Euler used his product formula to prove even more. By taking the logarithm of $\infty$ to get $\infty$ and converting the infinite product into an infinite sum (this is not rigorous mathematics by today’s standards but Euler wasn’t one to let pedantic details spoil a beautiful argument!)
$$\infty = \log \left(\prod_{\text{ primes } p }\frac{1}{1-\frac{1}{p}} \right) = – \sum_{p}\log\left(1-\frac{1}{p} \right).$$
After expanding log using the power series
$$-\log(1-x) = x + \frac{x^2}{2} + \frac{x^3}{3} + \frac{x^4}{4} + \cdots,$$
valid for all $-1<x<1$, Euler gets
$$\infty = \sum_{p}\frac{1}{p} + \frac{1}{2}\sum_{p}\frac{1}{p\hspace{1pt}^2} + \frac{1}{3}\sum_{p}\frac{1}{p\hspace{1pt}^3} + \cdots.$$
Most of these sums are bounded. In fact,
$$\frac{1}{2}\sum_{p}\frac{1}{p\hspace{1pt}^2} + \frac{1}{3}\sum_{p}\frac{1}{p\hspace{1pt}^3} + \cdots < \sum_{p} \sum_{n = 2}^{\infty}\frac{1}{p\hspace{1pt}^n} = \sum_{p}\frac{1}{p\hspace{1pt}(p-1)} < \sum_{n=1}^{\infty}\frac{1}{n\hspace{1pt}^2} < \infty.$$
So we have the astonishing conclusion that
$$\sum_{p}\frac{1}{p} = \infty.$$
Remember that we would like to show that the primes are in some sense split evenly between the two classes 1 (mod 4) and 3 (mod 4) – and in particular that there are infinitely many of each type. Inspired by Euler’s argument involving infinite series, we next introduce the following alternating series
$$A = -\frac{1}{3} + \frac{1}{5} – \frac{1}{7} – \frac{1}{11} + \frac{1}{13} – \frac{1}{17} + \ldots =\sum_{p \neq 2 }\frac{(-1)^{(p-1)/2}}{p}$$
which has a plus sign in front of those primes which are 1 (mod 4) and a minus sign in front of those primes which are 3 (mod 4).
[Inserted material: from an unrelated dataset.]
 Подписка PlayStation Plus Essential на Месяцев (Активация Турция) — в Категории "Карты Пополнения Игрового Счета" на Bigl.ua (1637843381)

The prime 2 doesn’t really feel like it belongs in this series and in particular it is not clear what the sign for $1/2$ ought to be. To avoid having to make an arbitrary choice we will just not include the prime 2.

A pencil showing the largest `left-truncatable’ prime, created by Maths Inspiration. Image: Luciano Rila

Our strategy then is to prove that the series $A$ converges. If we could, it would then follow immediately from $\sum{1/p} = \infty$ that there are infinitely many primes of each type, 1 and 3 mod 4. Because if there were only finitely many of one of these types, the series $A$ would diverge.
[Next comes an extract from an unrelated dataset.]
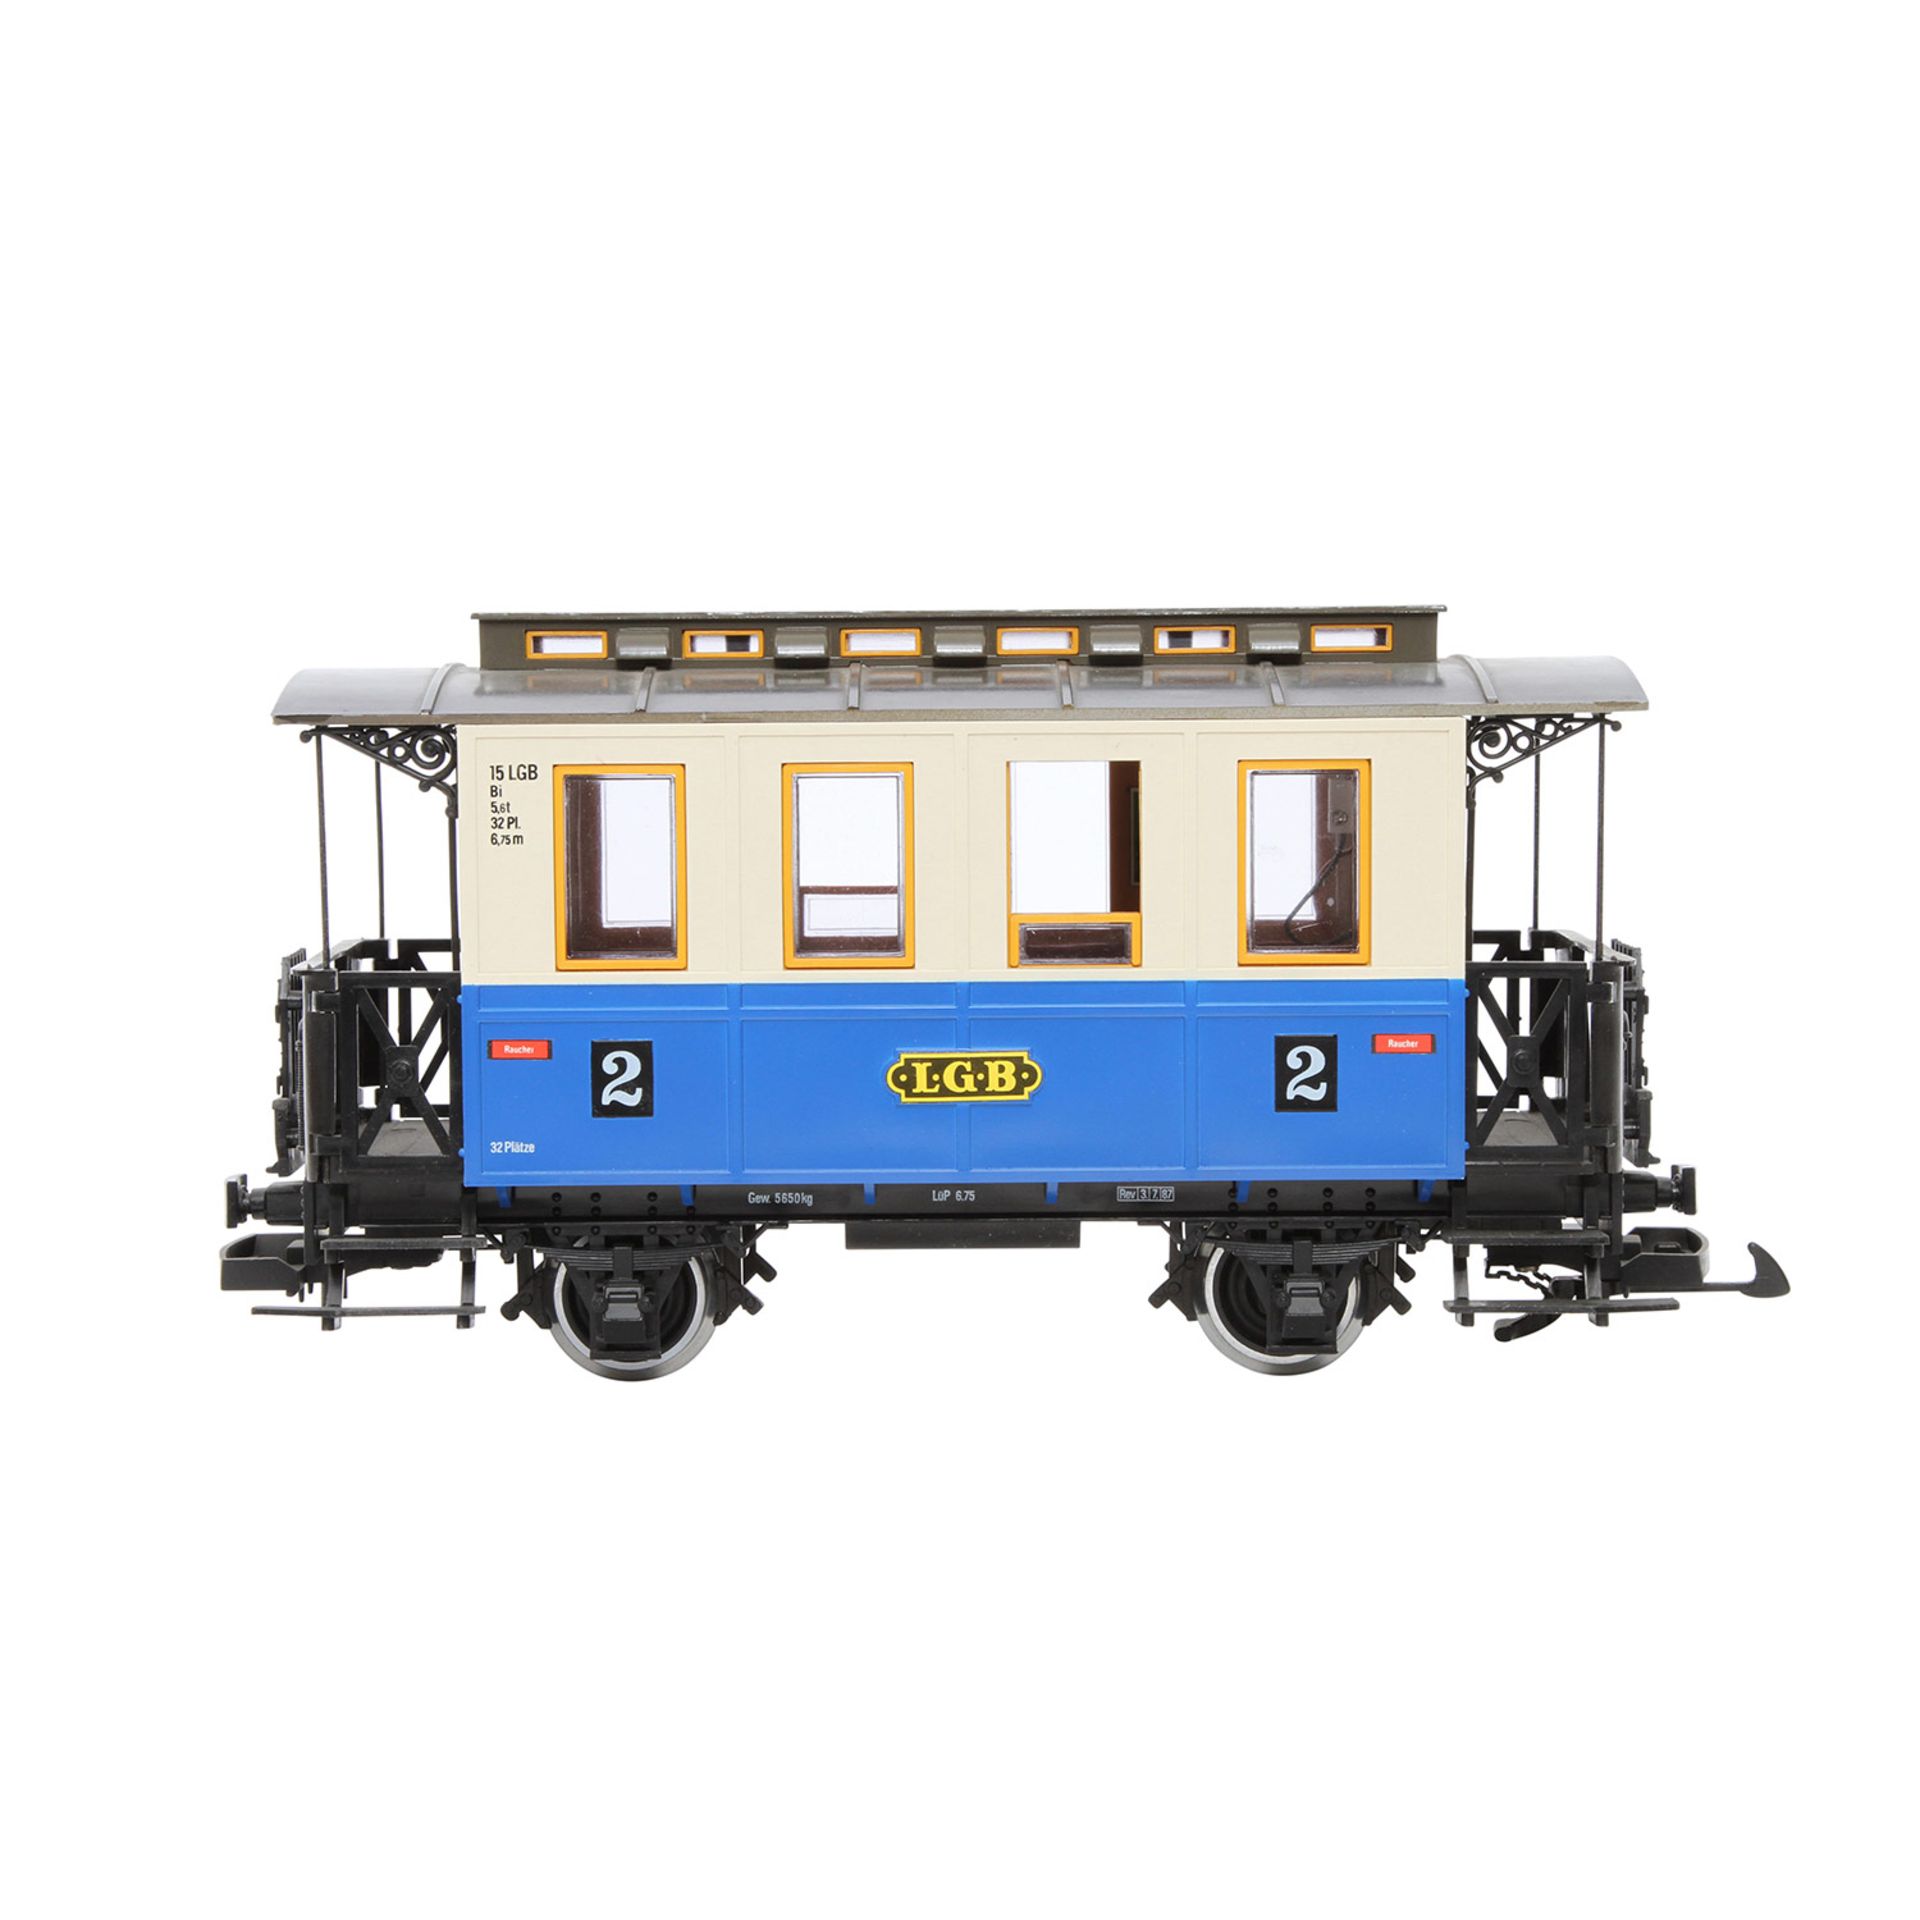 LGB Personenwagen 3015, Spur G, blau/beige, 2-achsig, 2.Kl., 2 Türen zum Öffnen, Oberlichtaufsatz, - Image 2 of 8

Taking a cue from Euler’s original argument, we can add in the prime powers without changing whether or not the series converges (because, as we have seen, the sum of the reciprocals of the prime powers converges). So expanding the logarithm into an infinite series, it follows just as before that $A$ converges if and only if
$$-\sum_{p \neq 2}\log\left(1-\frac{(-1)^{(p-1)/2}}{p}\right)$$
converges. Exponentiating, this converges if and only if
$$\prod_{p \neq 2}\frac{1}{1-\frac{(-1)^{(p-1)/2}}{p}}$$
converges to something non-zero. We can expand this infinite product much like before by first writing each factor as a geometric sum
$$\prod_{p \neq 2}\left(1+ \frac{(-1)^{(p-1)/2}}{p} + \frac{1}{p\hspace{1pt}^2} + \frac{(-1)^{(p-1)/2}}{p\hspace{1pt}^3} + \cdots \right).$$
Expanding the product is a bit harder this time but not too bad. It is
$$\prod_{p \neq 2}\left(1+ \frac{(-1)^{(p-1)/2}}{p} + \frac{1}{p\hspace{1pt}^2} + \frac{(-1)^{(p-1)/2}}{p\hspace{1pt}^3} + \cdots \right) = 1 – \frac{1}{3} + \frac{1}{5} – \frac{1}{7} + \frac{1}{9} – \frac{1}{11} + \cdots$$
now with only odd terms and every other term having a minus sign. This one is more difficult because we need to keep track of all the minus signs. Multiplying out the product, we get $\pm1/n$ for each odd integer $n$ exactly once for some choice of sign. There are no even integers as we have excluded the prime 2. An integer appears with a minus sign if and only if it has an odd number of prime factors which are $3 \text{ (mod 4)}$. This is exactly the right hand side though since such integers are exactly those which are themselves $3 \text{ (mod 4)}$. You might want to stop to check this last point makes sense.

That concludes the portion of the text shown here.